*** Dataset extract ***
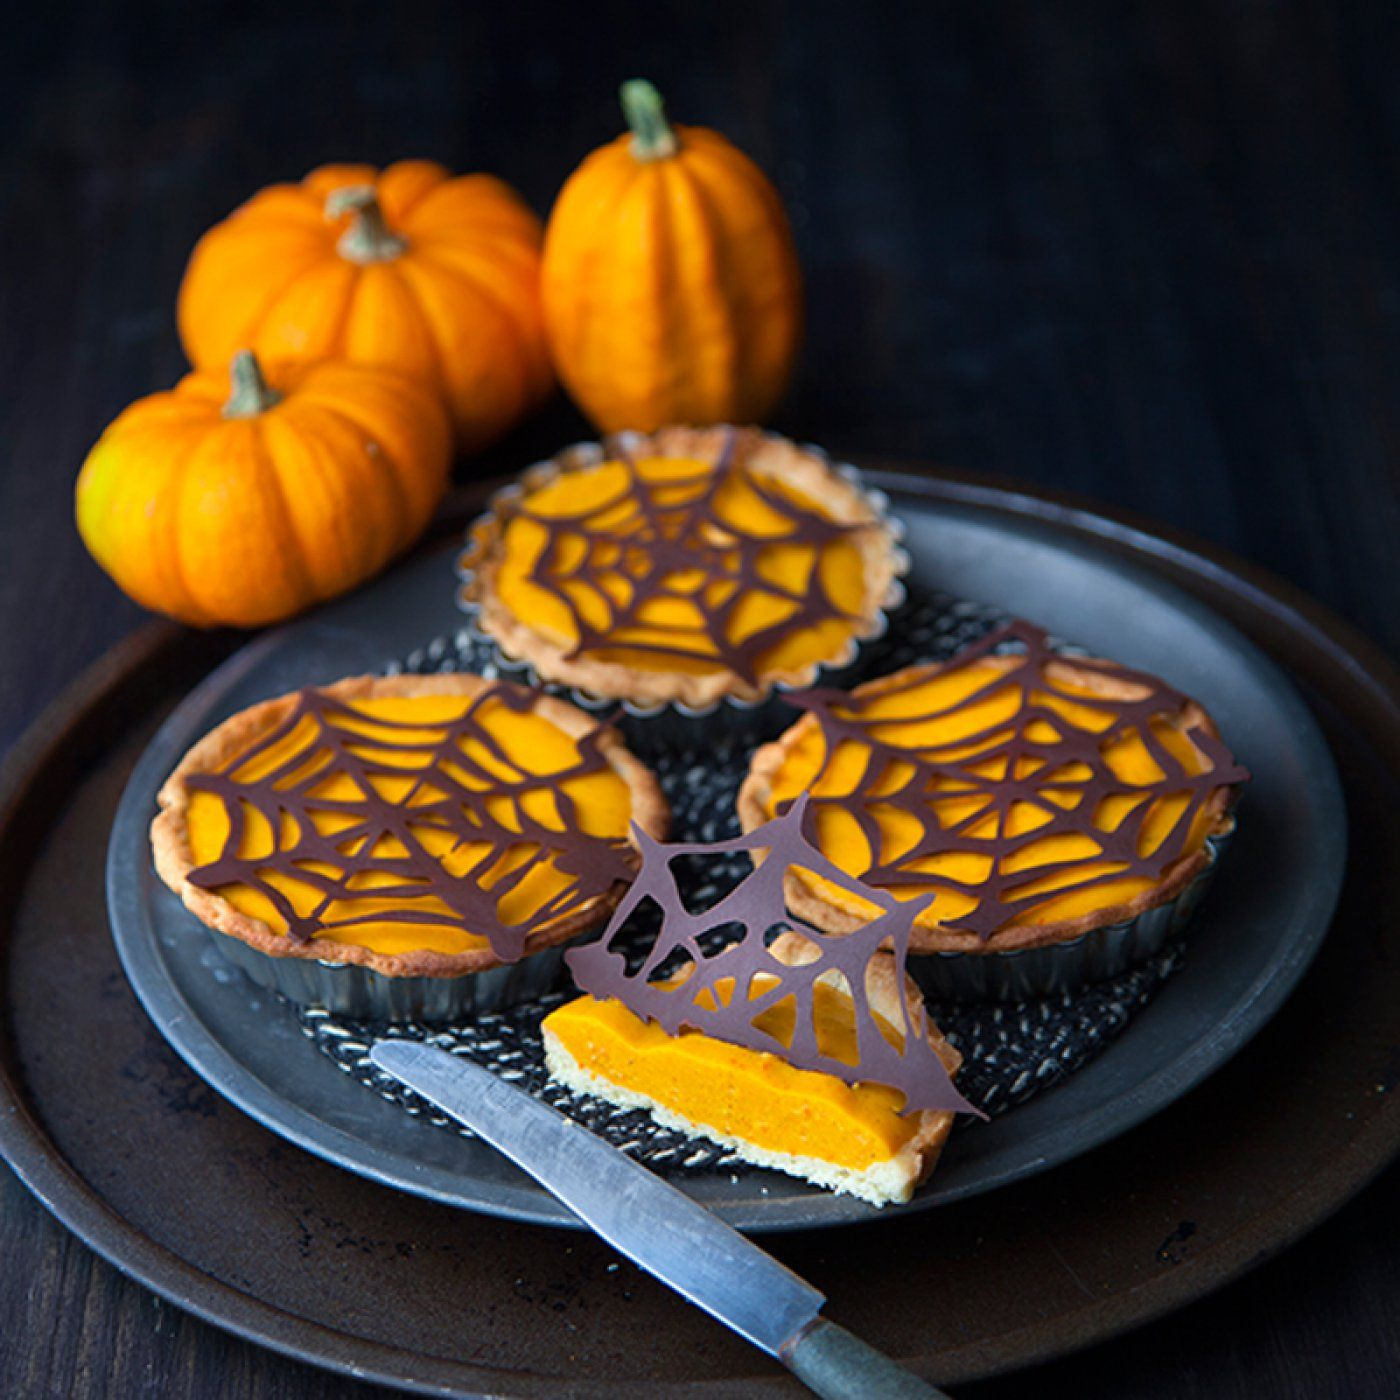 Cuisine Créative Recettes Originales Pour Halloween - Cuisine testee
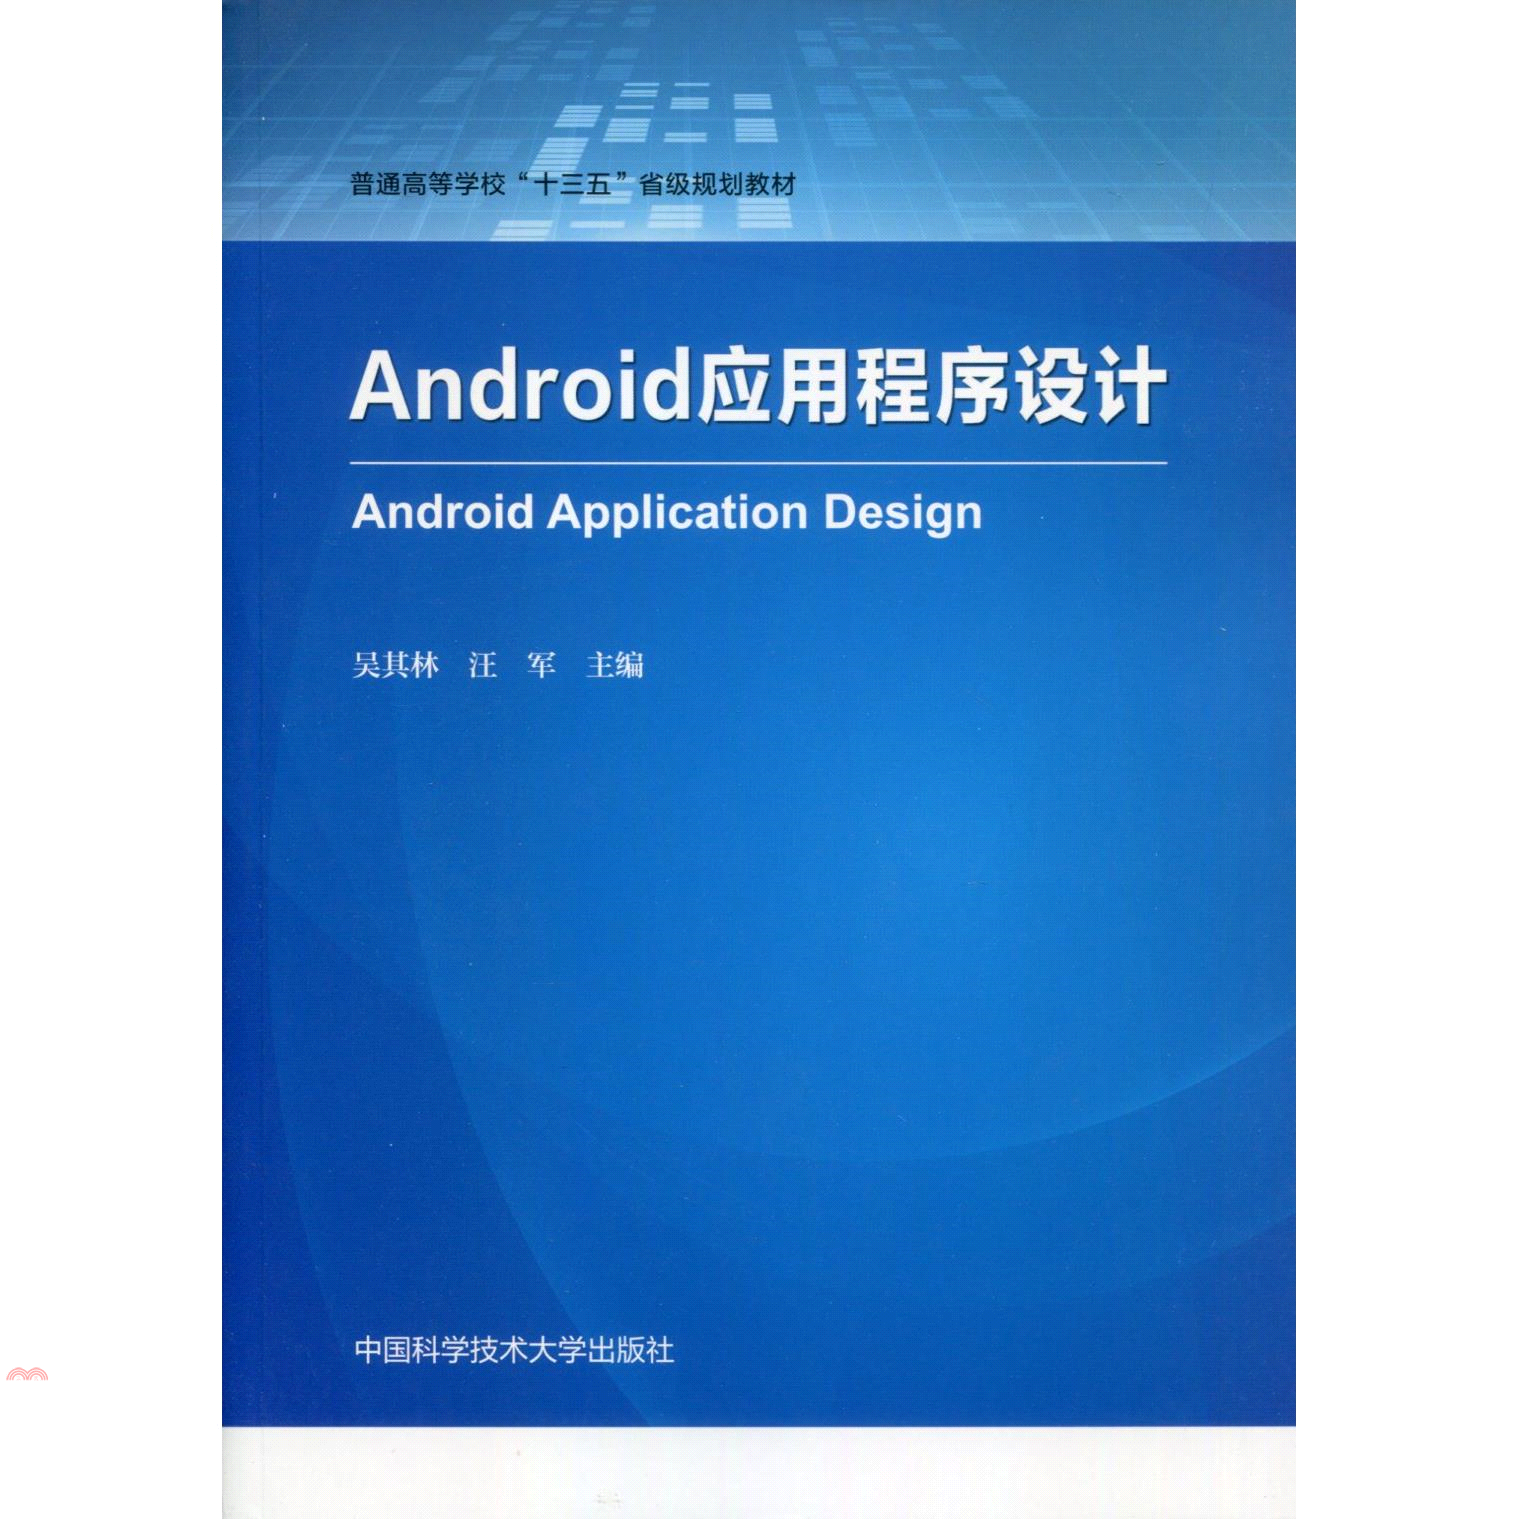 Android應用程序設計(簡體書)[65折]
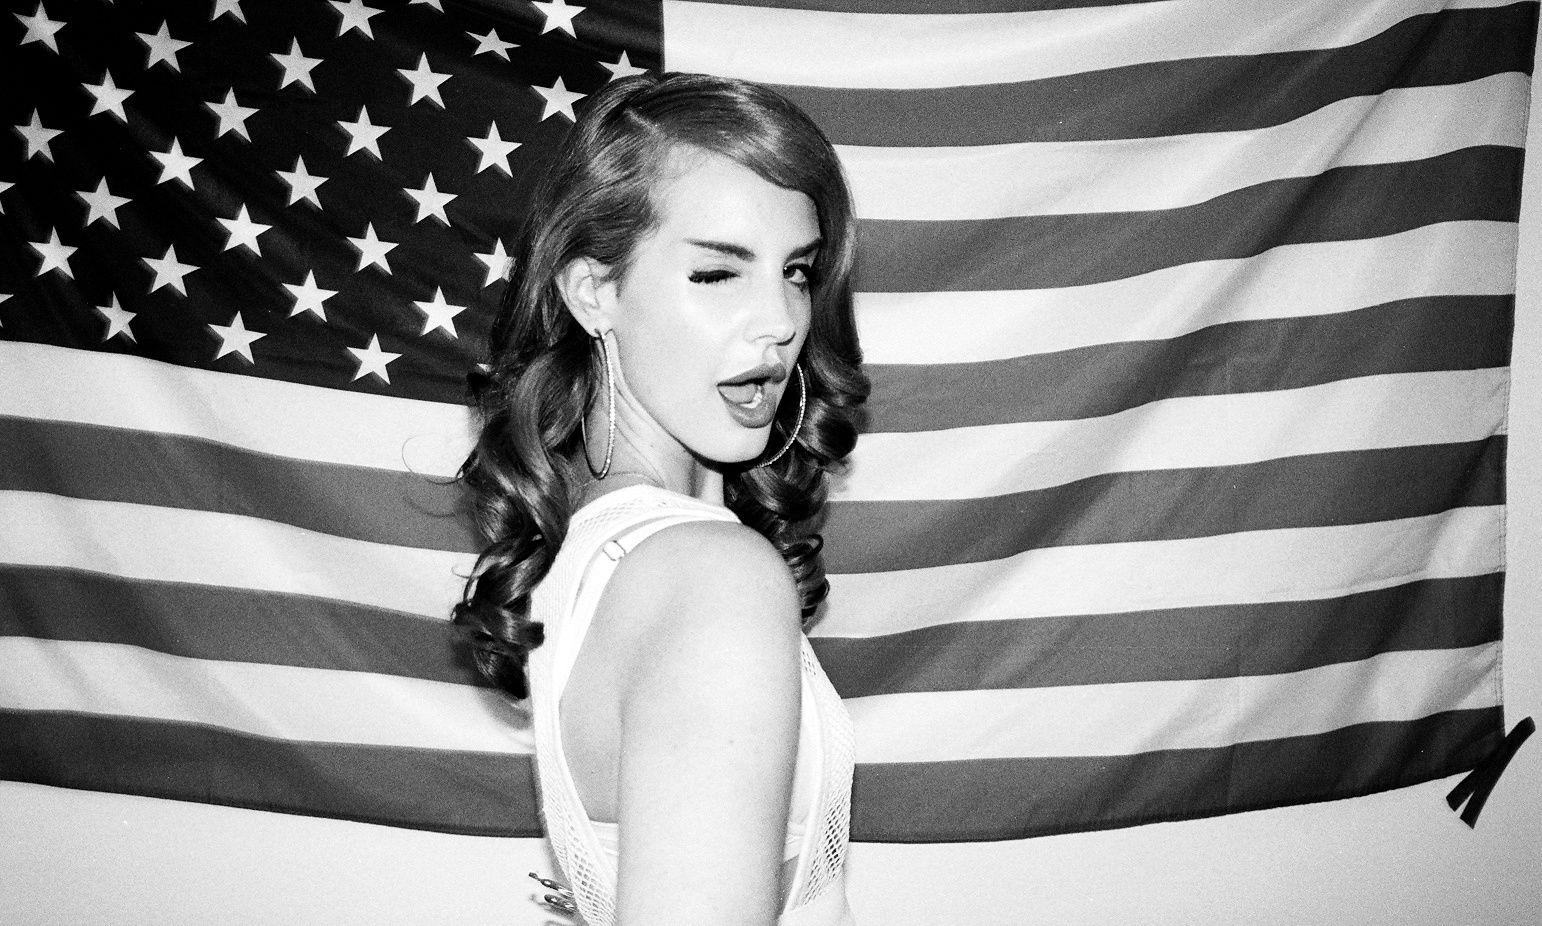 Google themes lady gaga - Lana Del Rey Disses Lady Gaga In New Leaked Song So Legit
*** End of Dataset extract ***
> Your assignment
Without the pictures, write out the listing exactly as it appears above.

> Solution to the exercise
 Cuisine Créative Recettes Originales Pour Halloween - Cuisine testee
 Android應用程序設計(簡體書)[65折]
 Google themes lady gaga - Lana Del Rey Disses Lady Gaga In New Leaked Song So Legit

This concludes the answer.